Findings from the present study are consistent with other research describing general clinical problems among patients who are prescribed LTOT.9 Overall, participants had high rates of comorbid psychopathology and problems with co-occurring alcohol and substance use. In addition, we conducted analyses of differences in demographic and clinical factors based on current prescription opioid dose, and found that as the dose of opioids increase, there is a significant trend towards higher scores of pain intensity (in quadratic pattern), greater pain-related disability, poorer physical functioning, lower self-efficacy for managing pain, and greater fear avoidance beliefs about physical activity (in quadratic pattern). Estimates of effect size suggest moderate differences among groups on these variables.

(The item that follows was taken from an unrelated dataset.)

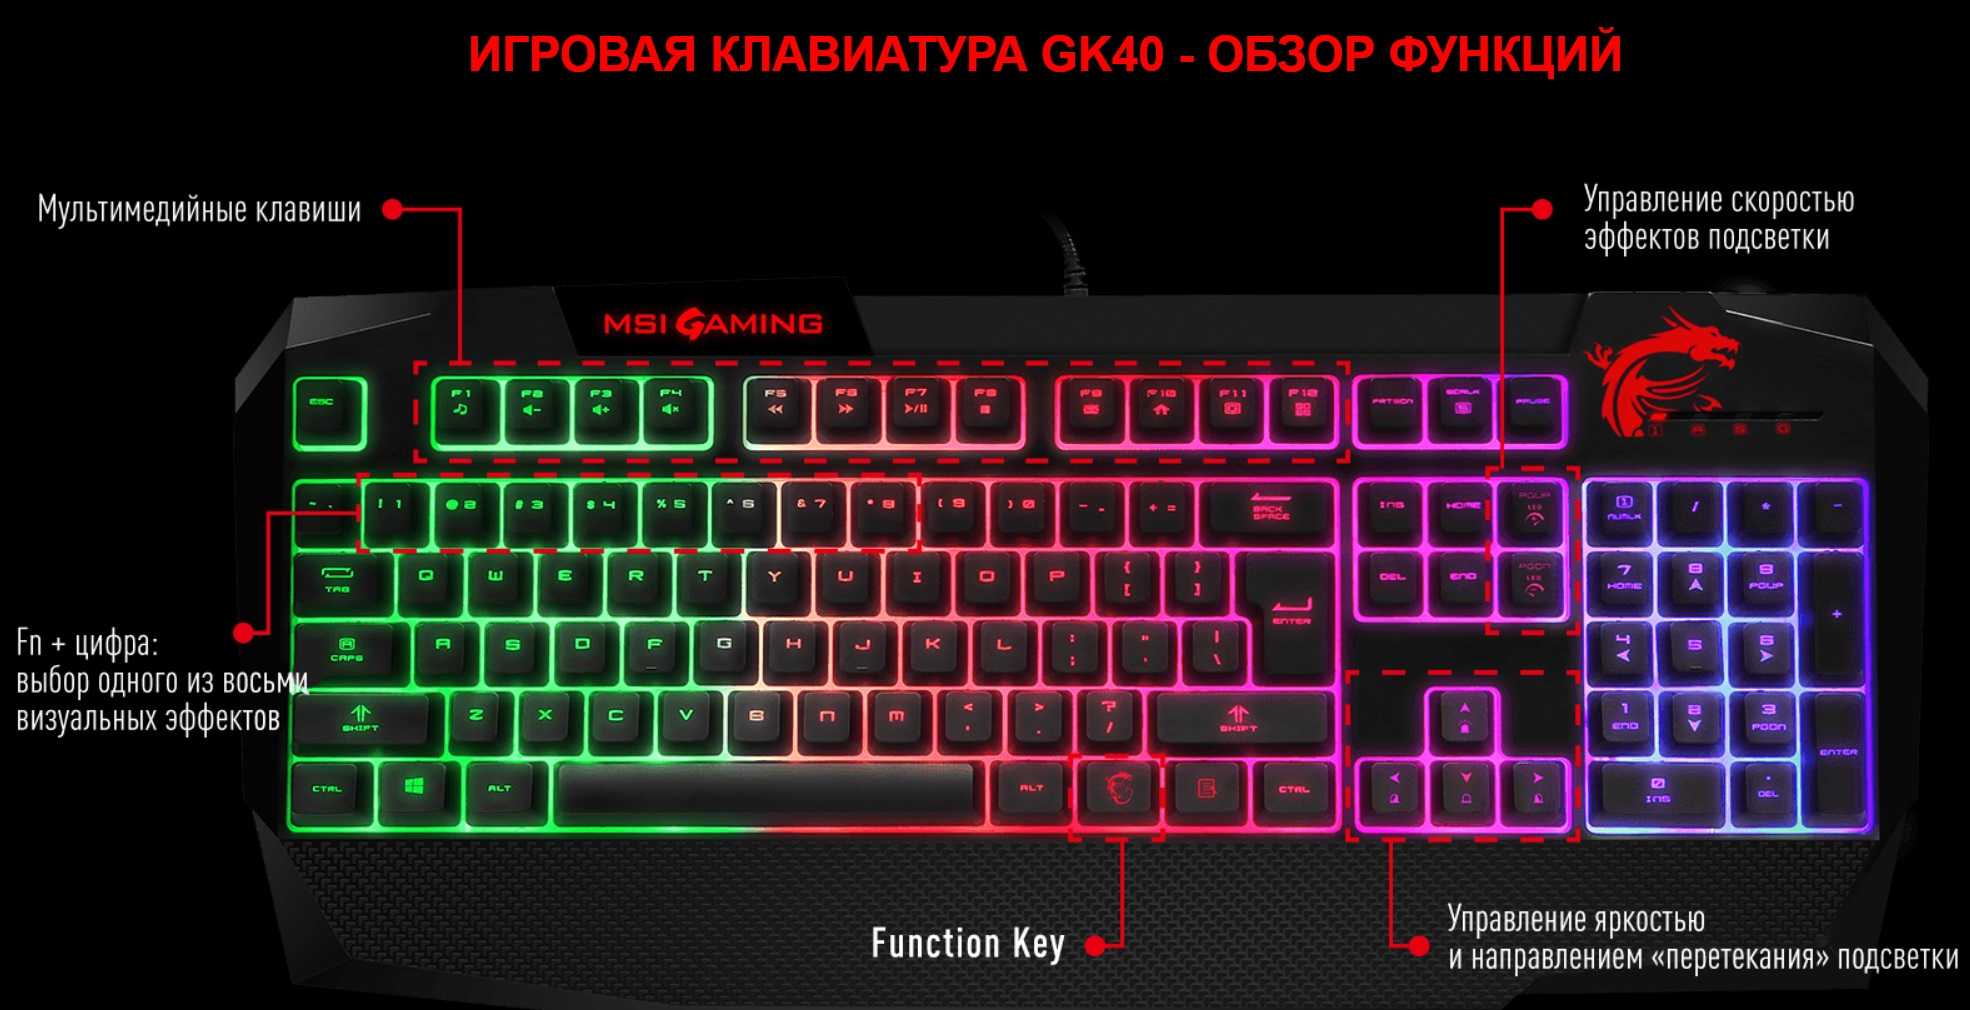 Ardor gaming af24h1 купить. Комбинация для подсветки клавиатуры. Комбинация кнопок на клавиатуре для подсветки. Клавиатура с подсветкой при нажатия кнопки. Включение подсветки на клавиатуре.

Consistent with prior research, the rates of past-year depressive disorder diagnoses, based on data from the EMR, were more common in the Higher Dose group.27,33 However, there were no significant differences in our study among groups on self-report measures of depression or anxiety severity. There are several factors that may account for differences between our findings and other research. The prior studies were conducted using data from 200427 and 2008,33 during an era with fewer constraints on opioid prescribing practices. In prior studies “High Dose” was classified as more than 100 mg MED27 or 180 mg MED,33 whereas the current study classified participants in the Higher Dose group if they had more than 50 mg MED, and participants were excluded from this study if their baseline MED was greater than 120 mg MED. Differences between current and prior findings may be due to secular changes in prescribing practices as new data on prescription opioids have emerged11 and clinicians have received updated guidelines for managing chronic pain.10,13,14 This study also compared differences among groups based on prescription opioid dose using well-validated and commonly utilized assessment measures (as opposed to extracting data from the EMR), which may have contributed to differences in research findings.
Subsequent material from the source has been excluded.